Each visualized program should be inserted function calls automatically to generate events. However, since the system will automatically generate the insertion, it has to understand the semantics of the program. Probably it does not know what algorithm is operating the data structures, but it has to know how data structures are operated, then inserts the right function call in the place where data structures are operated. However, the nature of programming language imposes a great burden for the system developers. Usually for a give program, it will consist of functions and function calls. For a give function, it can operate on different set of data of the same type. For this situation, we have to handle the even generation carefully. For example, if we are visualizing two different data of the same type, we have to create two different animations for the data. When come to a function call, the inserted function call has to know how to generate a correct even to drive the right animation. The alias (pointer etc.) of C or C++ language is also a headache for understanding the semantics of a program. This is also a difficult subject in compiler research. For example, an user specifies a data structure to be visualized at the beginning of the program, then later all operations on the data structure are through pointers or aliases. This kind of situation is also going to be solved in our system to produce correction data visualization.

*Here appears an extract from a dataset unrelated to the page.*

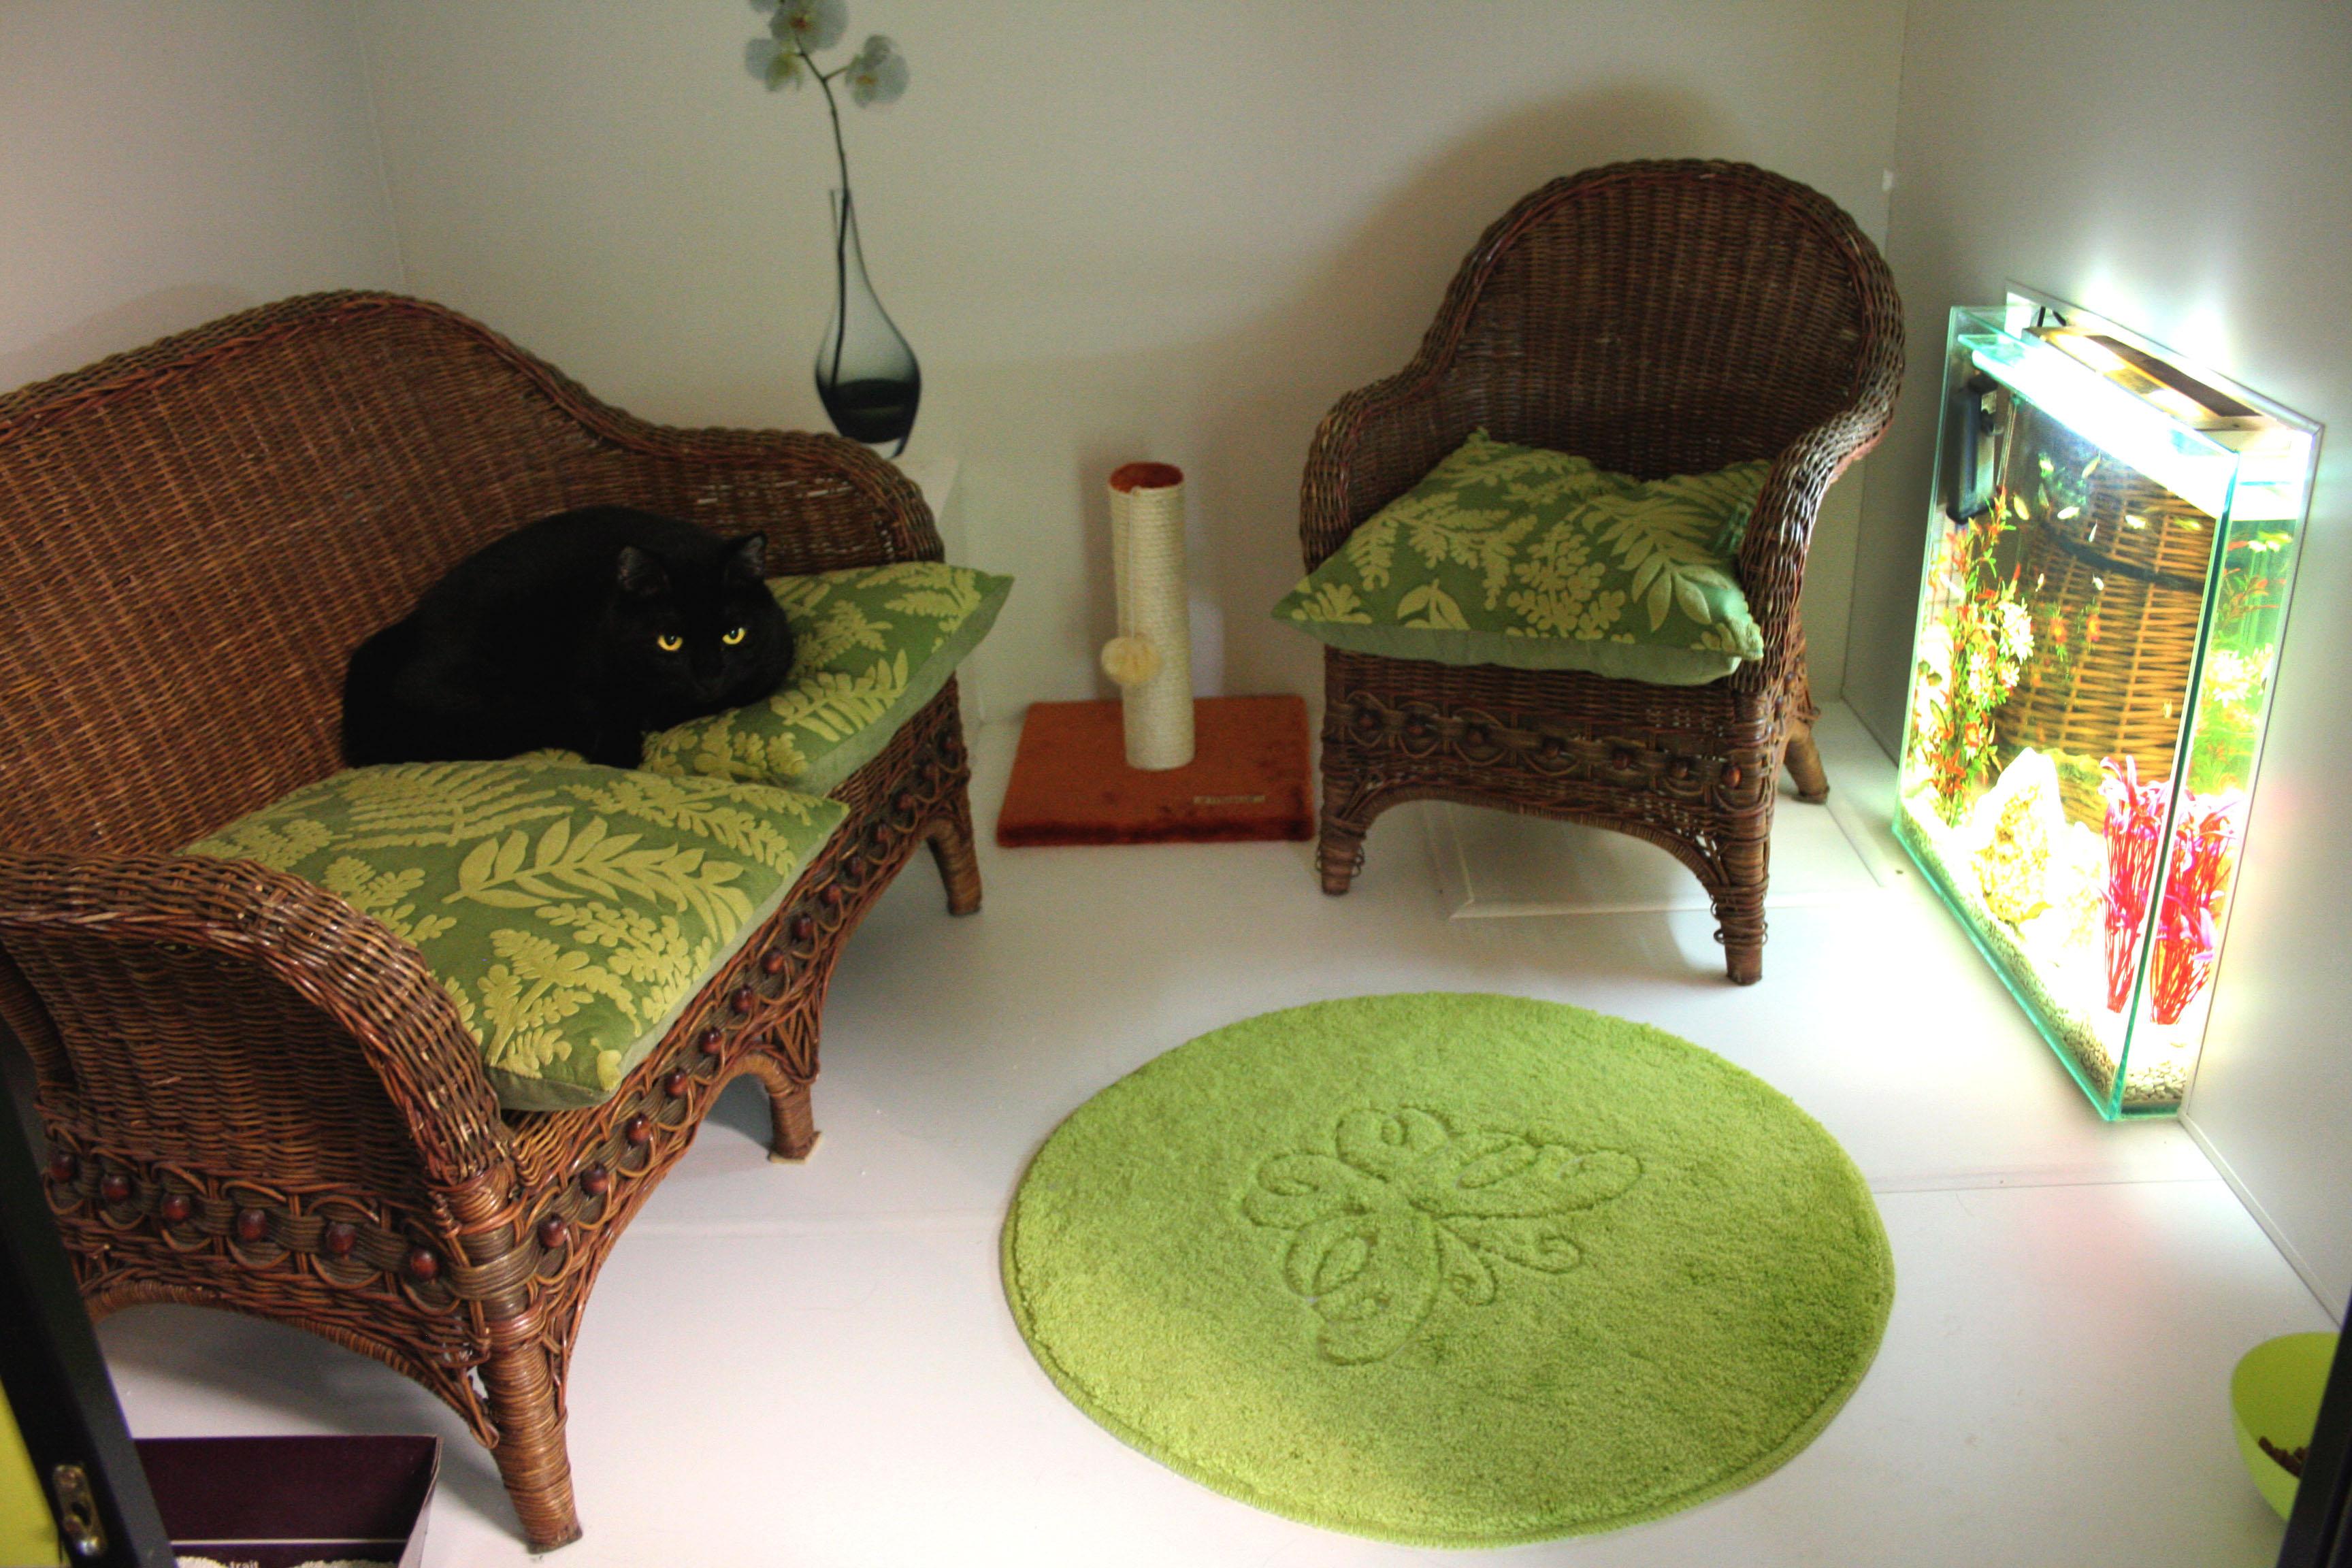 La minouterie. Pension pour chats en Ile de France, aux portes de Paris. Pension pour chats à Paris. Garde de chats à Paris.

The final problem needs to be solved is the view control. An animated image includes points, lines, circles, rectangles, colors, positions and movements. This problem is not that difficult comparing to the previous problems. We can apply the existing graphic library to implement the display of images. The more difficult issue is the timing control. Timing control is definitely need to be implemented because sometimes users need to look at the visualization slowly to understand an algorithm or find out bugs in a program. Event passing can also be use to solve this problem. A visualized process needs to wait for a continue event from the visualizing process to continue the process. When an users need to slow down 2 seconds, then the visualizing program needs to wait for 2 seconds before send back the continue event to the visualized process.

CONCLUSION

Designing such a system is not an easy task because of the complex nature of the system, but we have the foresight that our C/C++ visualization system will be a great help for teaching or learning algorithms. It also can help monitoring the data operations when doing debugging. Software visualization for debugging is also an important research topic currently. Our system framework can be easily extended to this field without many efforts.

BIBLIOGRAPHY

John Thomas Stacko, (1998) TANGO: A Framework and System for Algorithm Animation, Brown University, Dept. of Computer Science. Technical Report No. CS-89-30.

Price, B.A., Baecker, R.M., and Small, I.S. AA principled Taxonomy of Software Visualization@ Journal of Visual Languages and Computing page 211-266.